The original Archie
THE famous comic book character, Archie, who was introduced to the juvenile market in 1941 along with his fictional friends Jughead and Veronica at Riverdale High in a fictitious small American town, is now the focus of a worldwide media blitz. Here is one of those manufactured controversies in which news outlets react en masse to clever marketing. Archie is killed off as a character in the latest issue of Life with Archie in the course of defending his friend, Kevin, a homosexual character who was introduced in 2010. Kevin Keller is a senator who supports gun control. During the course of an attempted assassination, Archie intervenes and is killed by the assassin’s bullet instead.
Thus, the controversy.
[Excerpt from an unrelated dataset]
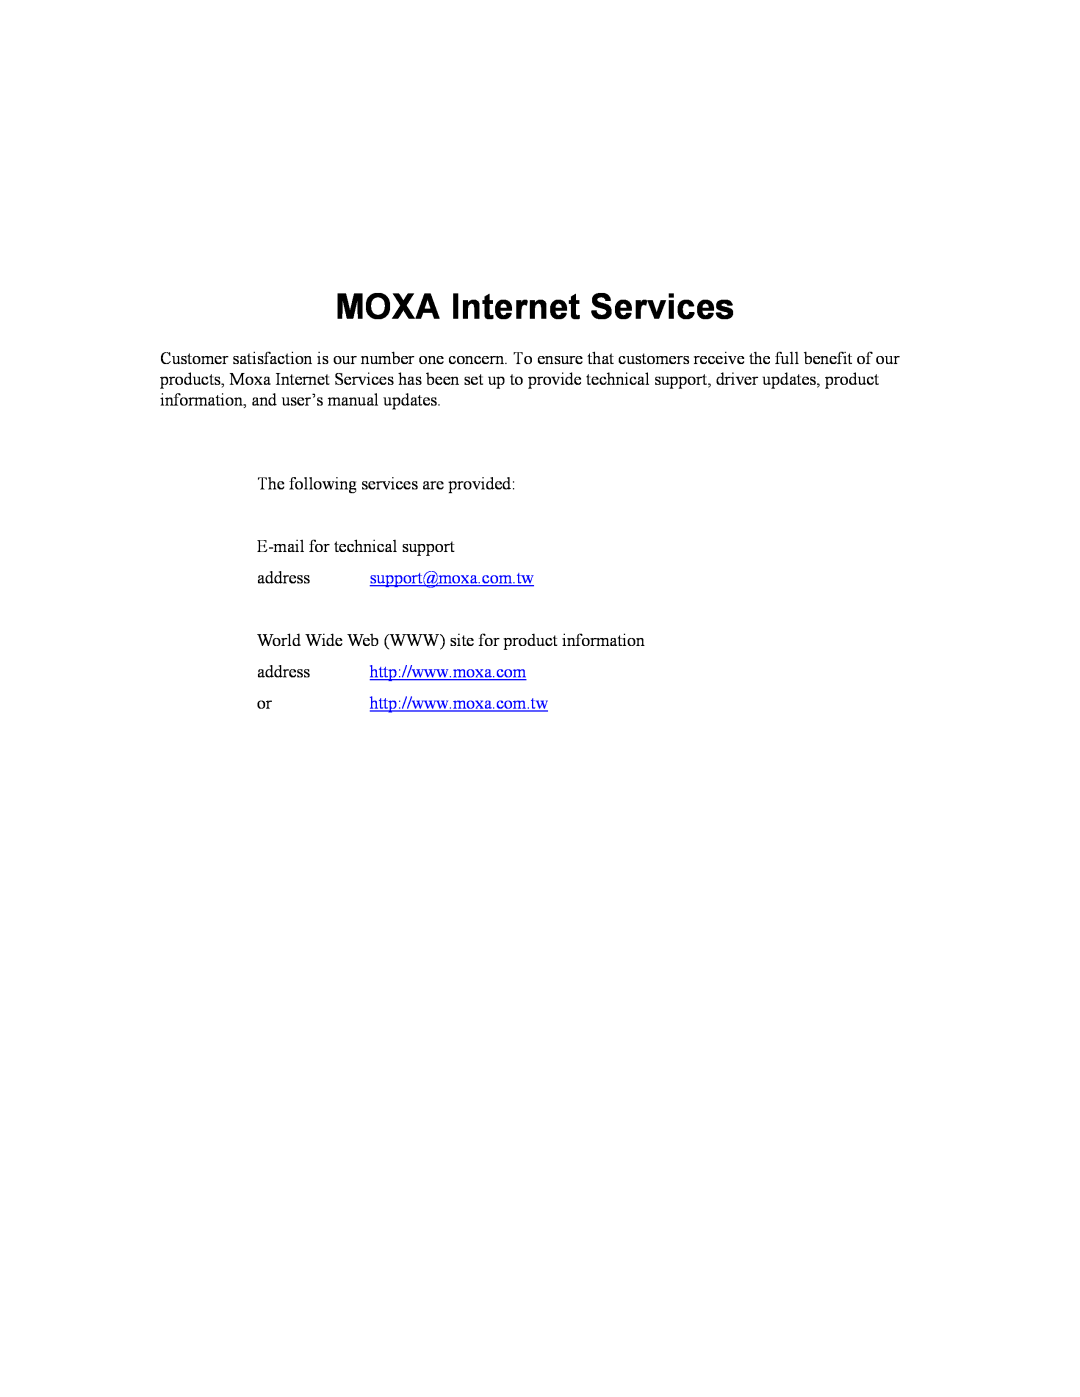 Moxa Technologies CP-104UL user manual MOXA Internet Services, address support@moxa.com.tw

Singapore has banned the comic because of its depiction of Kevin’s “marriage” to another man. And many have condemned the homosexual themes. None of this condemnation could possibly be unexpected or unwanted by Archie Comic Publications, Inc., which is one of a matrix of media companies, including the publisher Random House, now invested in the Archie stories as depicted in comic books, movies and digital media.
However, an important facet of this story has been generally overlooked. A living Archie is not so important anymore. A dead Archie is even better. Most of the characters of the comic book have now been transferred from life to the realm of horror in a new series, Afterlife with Archie.
Afterlife with Archie depicts a zombie apocalypse which begins in Riverdale. The comic is Archie Comics’ first title to be rated ‘teens and up,’ which means it has a potentially much larger audience.
Here is a synopsis from Wikipedia: “After a car driven by Reggie kills Hot Dog, Jughead asks Sabrina to bring his beloved pet back to life. She does, but with terrible consequences: Hot Dog becomes a zombie, and kills Jughead, who himself rises as a zombie and spreads the contagion.”
Archie Comics CEO Jon Goldwater has said that his father, the late John L. Goldwater, would have been “shocked by Afterlife (…) but shocked in a great way”.
That is probably true. The first four issues of Afterlife with Archie, introduced in 2013, sold out.
Archie Comics represents a now-familiar cultural trajectory, described so perceptively by the writer E. Michael Jones in his book Libido Dominandi. First comes fairly wholesome mass popular culture, with its homogenizing effects. Then comes sexualized mass entertainment, with profit as the single greatest motive for transgressing former taboos. Then, as much of society is suffering the personal chaos, disorientation and alienation caused by the Sexual Revolution, horror becomes a major preoccupation of mass entertainment, its purveyors reacting with prompt sensitivity to the appetites of this disoriented public. Horror confirms the inchoate awareness and knowledge of chaos and social apocalypse. Archie was destined to die defending sexual transgression and to become a superhero in a world of zombies.
Archie, angry and vengeful shortly before his death.